Christine Barrat, praticienne formatrice Feldenkrais

18 novembre 2024 0 Par Paul Rassat

Conversation avec Christine Barrat qui animera un atelier à Annecy le 30 novembre 2024.

Définir la méthode Feldenkrais ? C’est une prise de conscience du corps en mouvement. J’ajouterais que c’est une manière d’apprendre à se connaître, à travers le mouvement, qui présente l’avantage d’être plus facile ou concrète que l’approche psychologique, psychanalytique. Le mouvement est concret, dans le rapport au sol, dans le support, dans la sensation de la transmission.

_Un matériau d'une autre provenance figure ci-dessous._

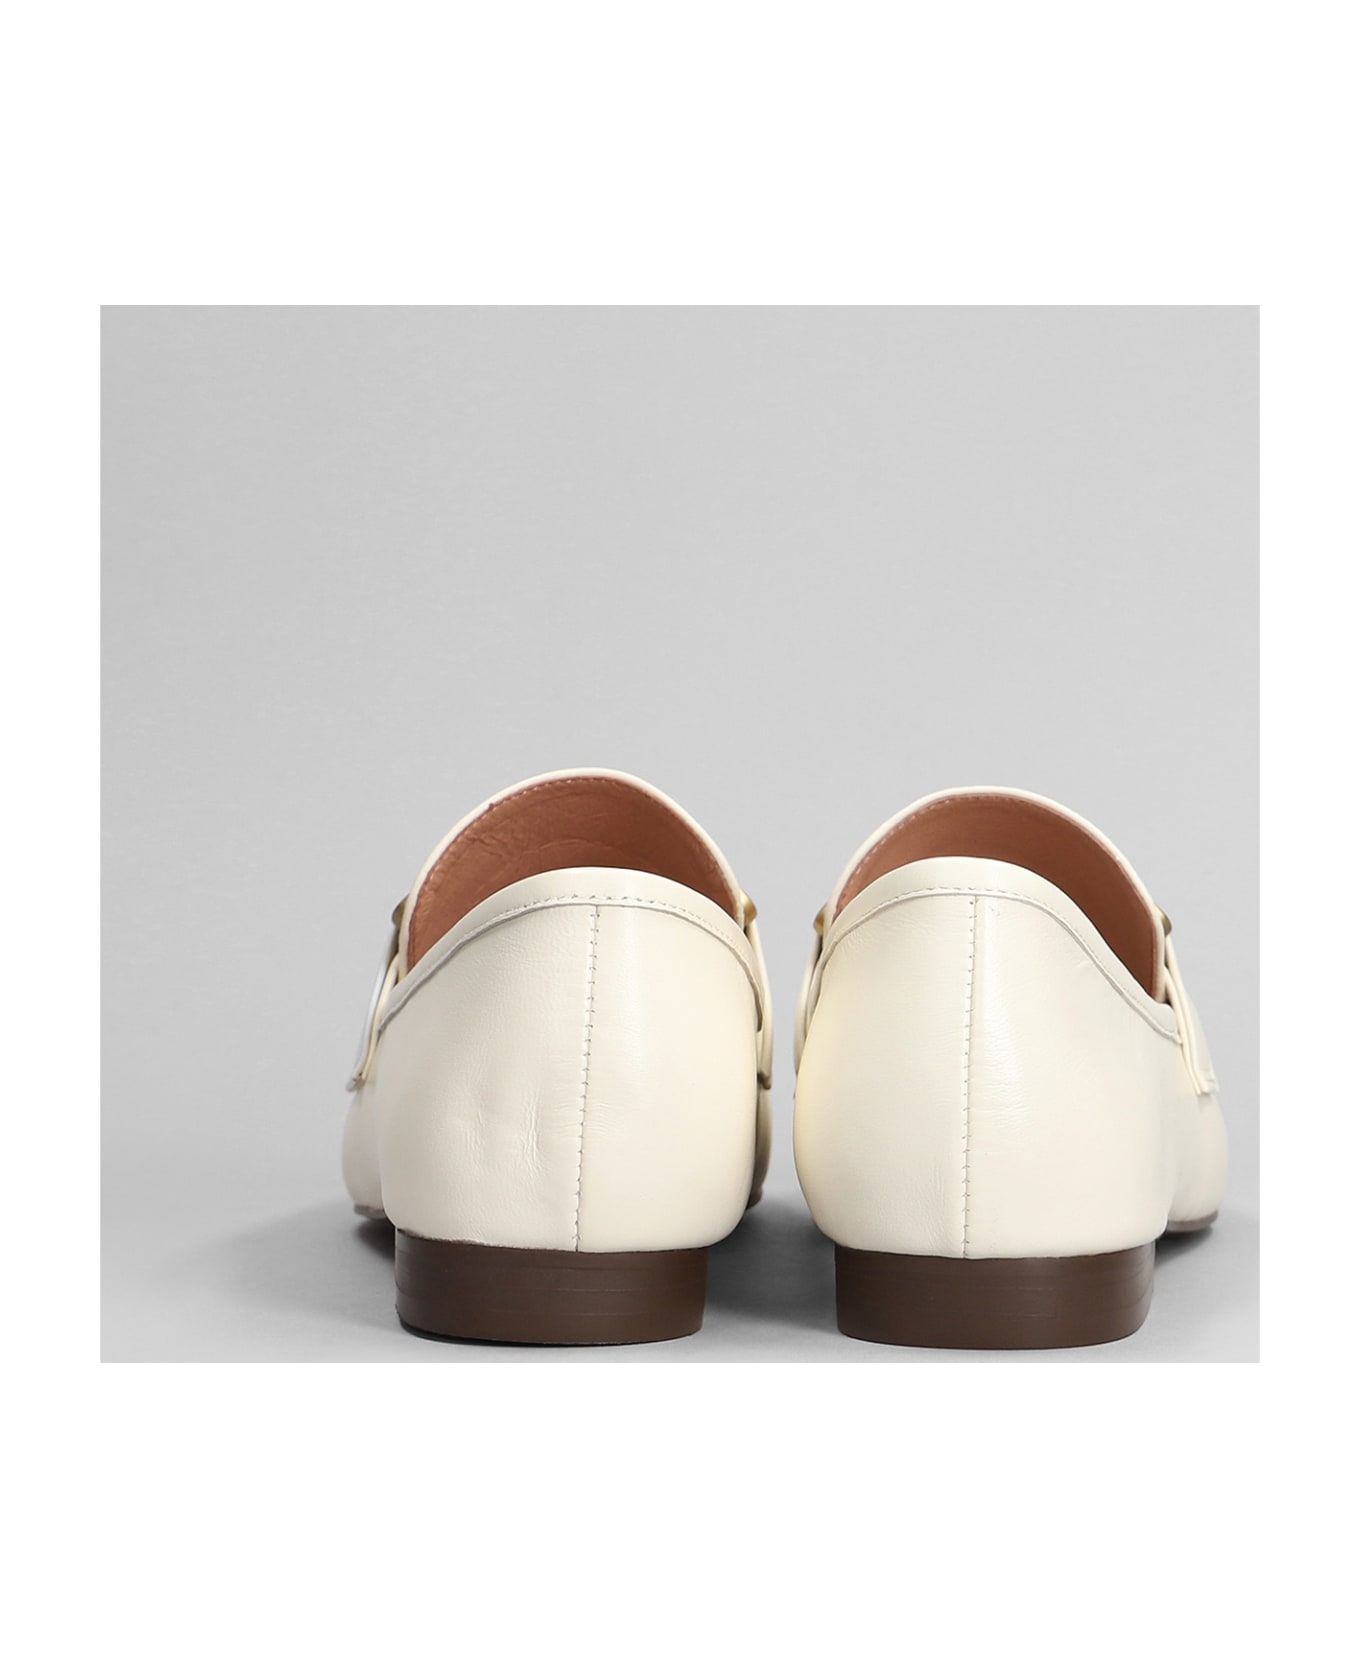 Bibi Lou Zagreb Ii Loafers In Beige Leather - beige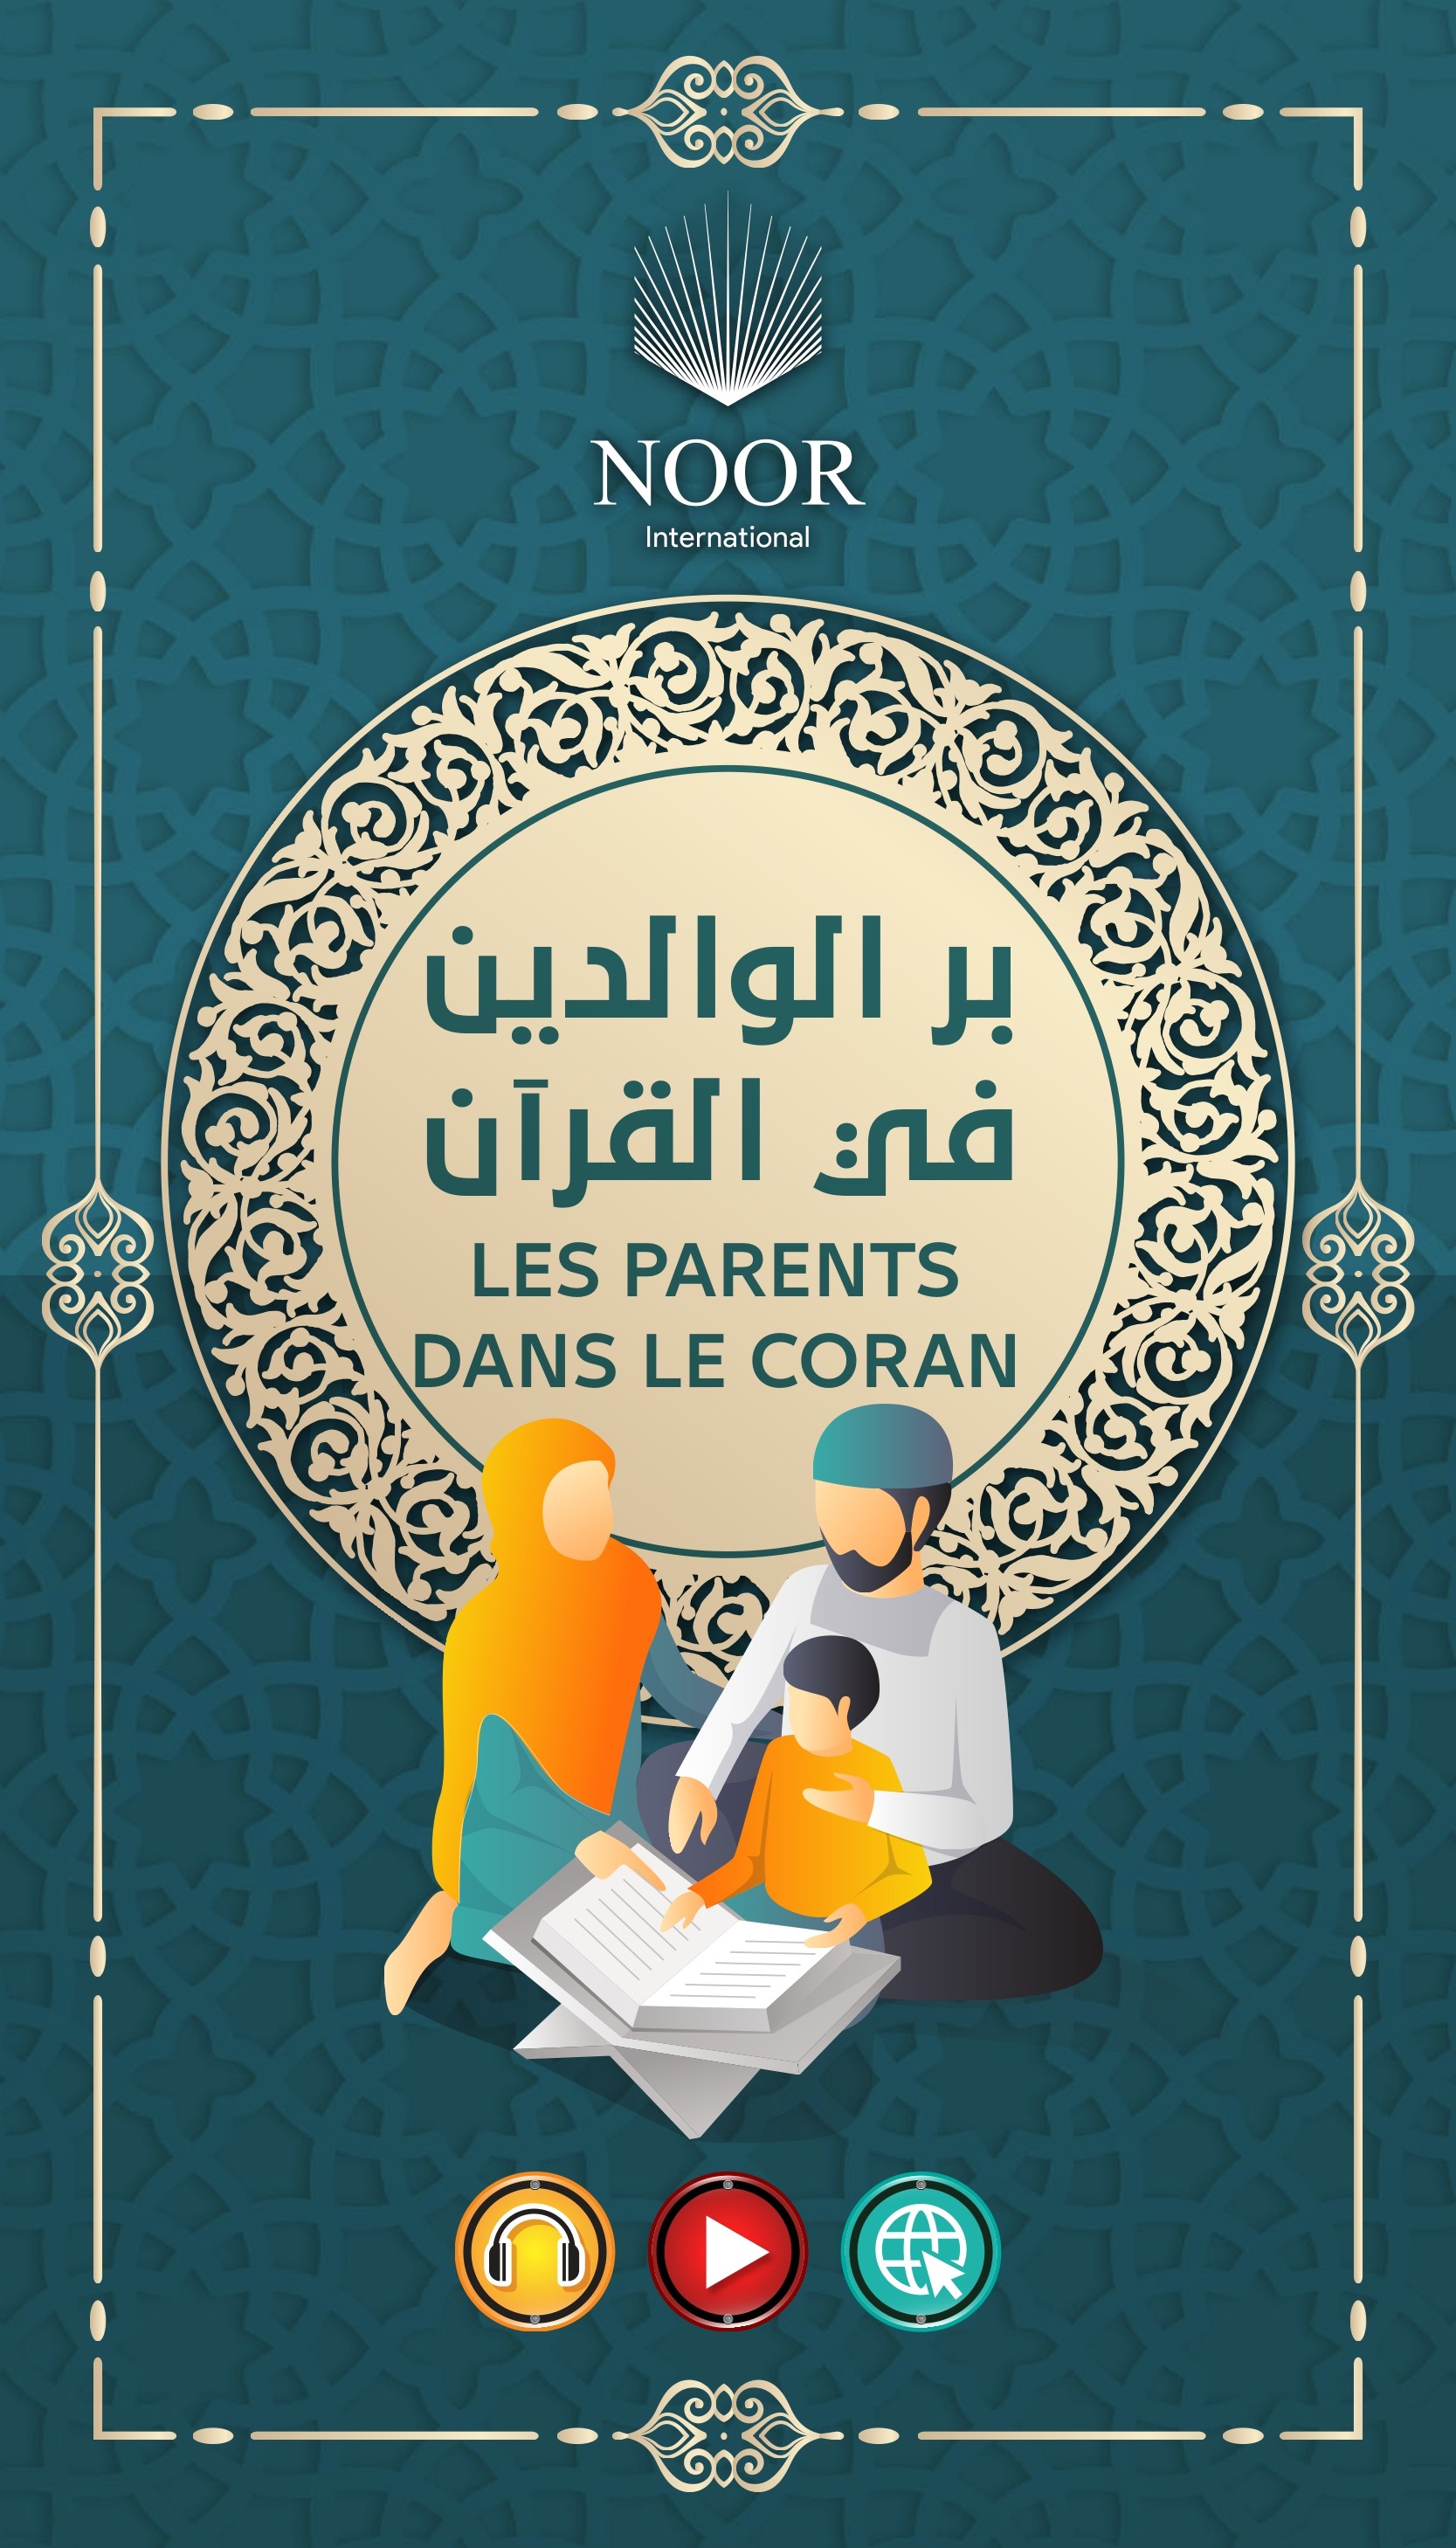 Parents dans le Coran

On ouvre ainsi un espace de questionnement vis-à-vis de soi d’autant plus intéressant qu’on aborde des questions qu’on se pose rarement.

Pour quelles raisons ne se pose-t-on pas ces questions ?

On agit la plupart du temps par habitude. Comment êtes-vous assis pendant que nous parlons ? Vous êtes-vous demandé si vous êtes plus sur la fesse droite, sur la gauche, si vous avez un vrai appui sous vos pieds ? Un praticien Feldenkrais va vous poser quelques questions, ouvrir un vrai rapport à vous-même pour être plus conscient de là où vous êtes et ouvrir petit à petit un espace de possibles, d’organisation très légèrement différente. Vous allez finir par faire vos choix avec un peu plus de conscience. C’est ce que j’aime dans la méthode Feldenkrais : donner, redonner plus de liberté de choix, rendre les personnes autonomes par rapport à elles-mêmes.

Vous partez du corps pour donner davantage de liberté, mais celle-ci n’est pas que physique. C’est une façon de s’appréhender et d’appréhender le monde avec soi.

Tout à fait. Quand vous agissez sur une facette de vous-même, vous agissez sur le mouvement, sur votre rapport à l’espace, aux personnes autour de vous, à l’environnement en général, donc sur votre rapport au monde. Certains disent que c’est une méthode d’introspection, qu’on se regarde le nombril. C’est une méthode de retour à soi pour être mieux en rapport avec soi et avec l’environnement.

On travaille sur cette facette du mouvement parce qu’elle est plus facile, plus simple. Moshe Feldenkrais a répété qu’il avait choisi le mouvement parce que c’est une voie qui parait mécanique, donc moins impressionnante pour la plupart des gens. Il était physicien et avait un diplôme d’ingénieur en mécanique. Le titre français de son livre Énergie et bien-être par le mouvement ne lui plairait pas. Le titre original est La conscience du corps. Le travail de Feldenkrais est vraiment basé sur la mécanique du corps, la transmission squelettique et tout le développement neurologique de l’humain et même de l’animal. Tout un module de cours concerne l’exploration du mouvement aussi bien du ver de terre que de la chenille, du lézard, du mouvement à quatre pattes pour aborder les différents types de locomotion.

C’est une façon d’être relié à l’ensemble de ce qui vit ?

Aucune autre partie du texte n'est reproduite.